New data at the European Cystic Fibrosis Conference demonstrating significant benefits of treatment with Trikafta(elexacaftor/tezacaftor/ivacaftor and ivacaftor).- Vertex.

Data from a randomized, double-blind, Phase III study (abstract WS06.04) demonstrated that people with CF who have rare, non-F508del mutations in the cystic fibrosis transmembrane conductance regulator (CFTR) gene responsive to Trikafta in vitro demonstrated clinical benefit from receiving Trikafta. Compared to placebo, lung function improved by 9.2 percentage points as measured by ppFEV1, CFTR function improved (as measured by mean sweat chloride concentration reductions of 28.3 mmol/L), and pulmonary exacerbations were reduced by 72% per year. Safety and tolerability were generally consistent with the established safety profile of Trikafta.

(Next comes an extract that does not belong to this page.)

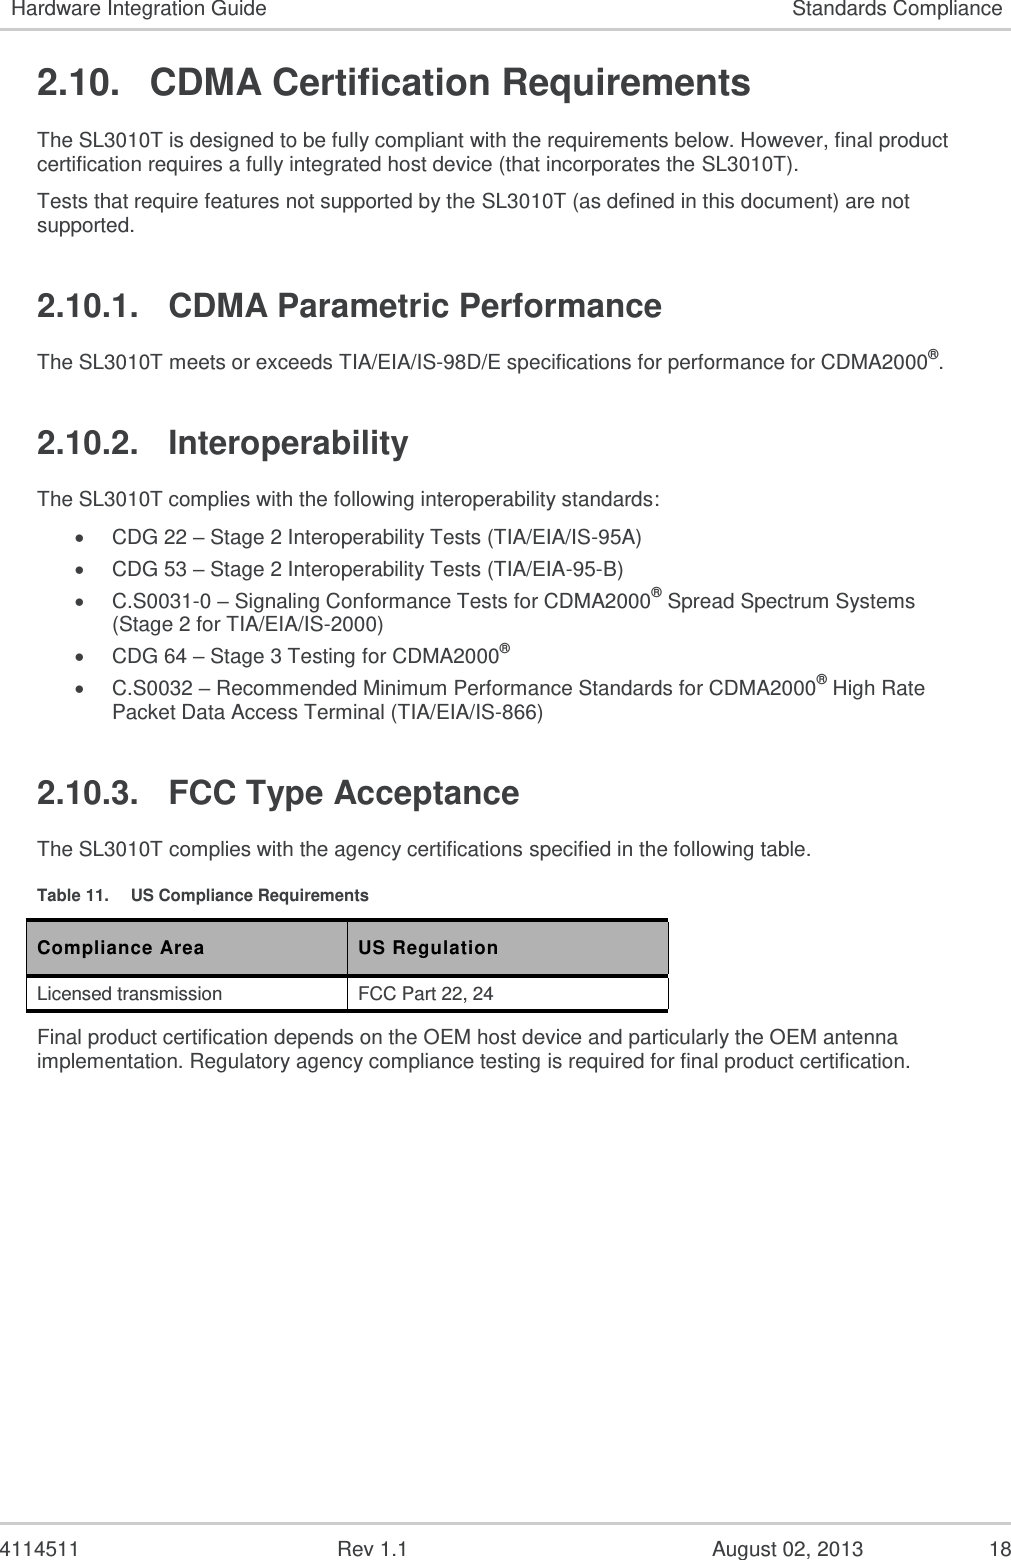   4114511  Rev 1.1  August 02, 2013  16 Hardware Integration Guide Standards Compliance 2.7.  Over-The-Air Service Provisioning (OTASP) 2.7.1. IS-683 Features The SL3010T supports TIA/EIA/IS-683-A for Over-the-Air Service-Provisioning (OTASP) and Parameter Administration (OTAPA) as summarized in the following table. The SL3010T also complies with carrier specific OTASP and OTAPA requirements. Table 8.  OTASP/OTAPA Features Feature Supported? OTASP (user initiated) Yes* OTAPA (network initiated) Yes NAM Parameter Download Yes Preferred Roaming List (PRL) Download Yes A-Key Exchange Yes OTAPA NAM Lock Yes Re-Authenticate Messaging Yes Protocol Capability Messaging Yes *    Host support is required for this feature. 2.7.2.  Internet Over The Air (IOTA) Features The SL3010T firmware includes an embedded IOTA client that includes the following support:  Automatically initiates and attempts to complete an IOTA session in the SL3010T when the network initiates an IOTA session.  Provides an interface to the host to request the SL3010T to initiate and attempt a client initiated IOTA session.  Provides notifications to the host of status and results of the current IOTA session in the SL3010T.  Provides an interface to the host to cancel, at any time, an active IOTA session running in the SL3010T.  IOTA feature support is defined in the following table. Table 9.  IOTA Features Feature Supported? Bootstrap Provisioning Yes* Network Initiated Provisioning using WAP Push Yes Reassembly of Multiple IOTA Trigger Messages Yes HTTP and SSL Support (Download Agent) Yes MMC XML and MIME Parser / Assembler Yes IS-683-A/B Tunneling Yes WBXML Parser / Assembler Yes

Vertex also presented the interim analysis (IA) of a Kaftrio plus ivacaftor from 2020-21 in Germany (abstract WS01.04) . The ongoing five-year post-authorization study is the largest real-world study of people with CF treated with Trikafta to date, including more than 16,000 people with CF from the U.S. Cystic Fibrosis Foundation Patient Registry (CFFPR) and approximately 3,000 people with CF from the German CF Registry. The IA showed clinically meaningful, disease-modifying benefits for Trikafta/Kaftrio, including a 76% and 70% reduction in the cumulative annual rate of pulmonary exacerbations in the U.S. and in Germany, respectively, compared to the year prior to Trikafra/ Kaftrio treatment. In addition, there was a 62% lower rate of death in the U.S. and 84% lower in Germany; and an 86% lower rate of lung transplant in the U.S. and 96% lower in Germany compared to the 2019 U.S. CFFPR and German CF Registry populations (pre-Trikafta/KAFTRIO®). No new safety concerns were identified.